I was shocked when my doctor showed me my DEXA scan results on my bone density last month. I have had osteopenia for about 15 years, but it hadn’t progressed in all that time, and I didn’t think about it much. With this report, I realized that now is the time to address it in earnest. I knew I was at risk, being a small-boned and petite woman, but I have always been active – not so much an athlete – but athletic in my everyday lifestyle. I thought I was doing all the right things with eating healthy (most of the time),hitting the sidewalk everyday for long walks, doing yoga and tai chi, swimming, and working out with light weights.

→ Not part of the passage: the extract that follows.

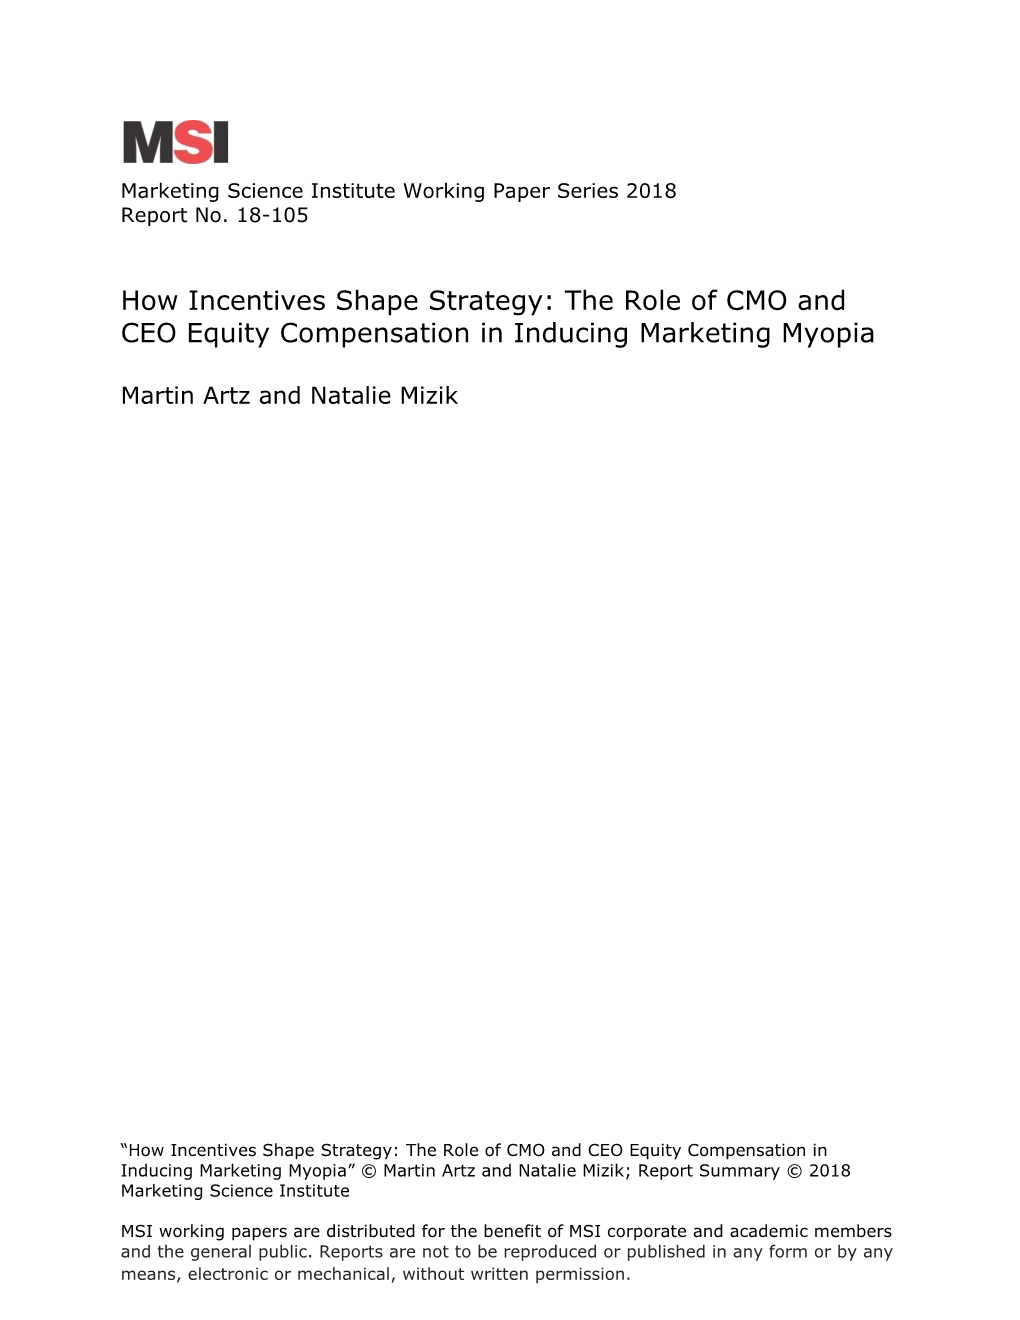 The Role of CMO and CEO Equity Compensation in Inducing Marketing Myopia

It wasn’t a bad report. At least, I didn’t think it was. Osteopenia in both femurs, and osteoporosis in the neck of the left one, but barely over the line (only 1 percentage point) from osteopenia. My spine is still in the normal range, and I have not shrunk in height. My doctor, however, thought differently about the urgency of the matter. She began telling me about a drug I should take that would increase my bone density, and wrote out a prescription for it. I am not going to say in this blog which drug it is, but suffice it to say, it’s the go-to drug in the bisphosphonate family of pharmaceuticals. A red flag went flying up the flagpole of my brain as she explained to me that it should be taken on an empty stomach and that I would have to stay in an upright position for at least an hour after swallowing it. I had taken an antibiotic a few months ago that had the same warning. It made me extremely nauseous, and I couldn’t keep it down. I wasn’t exactly thrilled about another drug making me sick, or possibly damaging my esophagus.
I took the prescription home with me, and immediately logged onto the internet to see what I could find out. I didn’t like what I read, even though most of the papers and articles describing this drug were reassuring regarding its safety and effectiveness and the rarity of the side effects. I then went to the research databases at the university where I work part-time as a librarian. I began reading some contradicting reports, as well as learning about osteoblasts, osteoclasts, and bone remodeling. What I read didn’t exactly jive with what the medical and pharmaceutical websites said about the safety and effectiveness of this line of drugs, especially in the long-term.
From that point, I went into deeper research. I went to Facebook and I put out a request to my friends to see it they had any advice on osteoporosis. This is where the rubber hit the road. The response was phenomenal, and not good. I had over 30 friends respond to my question about this particular drug. Of those who responded, only 1 claimed that she had no problems with it, other than having to have several joint replacement surgeries during the time she has been taking the drug, which were probably not related. Others shared that they had experienced the “rare” side effects and were no longer taking the drug, due to esophageal, jaw, and bone and joint pain problems, to name a few. Many warned me not to take it.
Even this didn’t satisfy me completely, so I did a quick informal survey of the women I go to exercise class with twice a week. When I told them of my diagnosis, the overwhelming reply was, “Welcome to the club” and “Don’t take that stuff!” They agreed with my Facebook friends that this was not a good drug to take, unless it was a matter of life or death, or at the least probable fractures. They, like me, are trying their best to eat a healthy diet, exercise, and stay strong and upright. Balance is a big deal with them, as it is with me.
During this time, one of my cousins sent me a website for calcium and strontium supplements that she has been taking for a few years, with good results. Again, I jumped onto the research bandwagon and began reading about this product and similar ones, as well as about nutrition and aging. I liked what I read. It made sense. It didn’t advocate putting chemicals into my body that could harm me in one way or another, but giving my body what it needs to stay healthy.
Long story short, I decided not to go with the prescription my doctor was pushing, and ordered a supply of calcium, vitamin, and strontium supplements. My doctor agreed to go along with my plan for a year. If my DEXA scan next year is worse, then I will revisit this issue. I am confident that with my new knowledge about bones and bone health, nutrition, and all the other good information and knowledge I now possess, I’m going to be just fine.
I am 70 years old, writing about this in my blog, and if I don’t stop soon, I’ll be late for exercise class.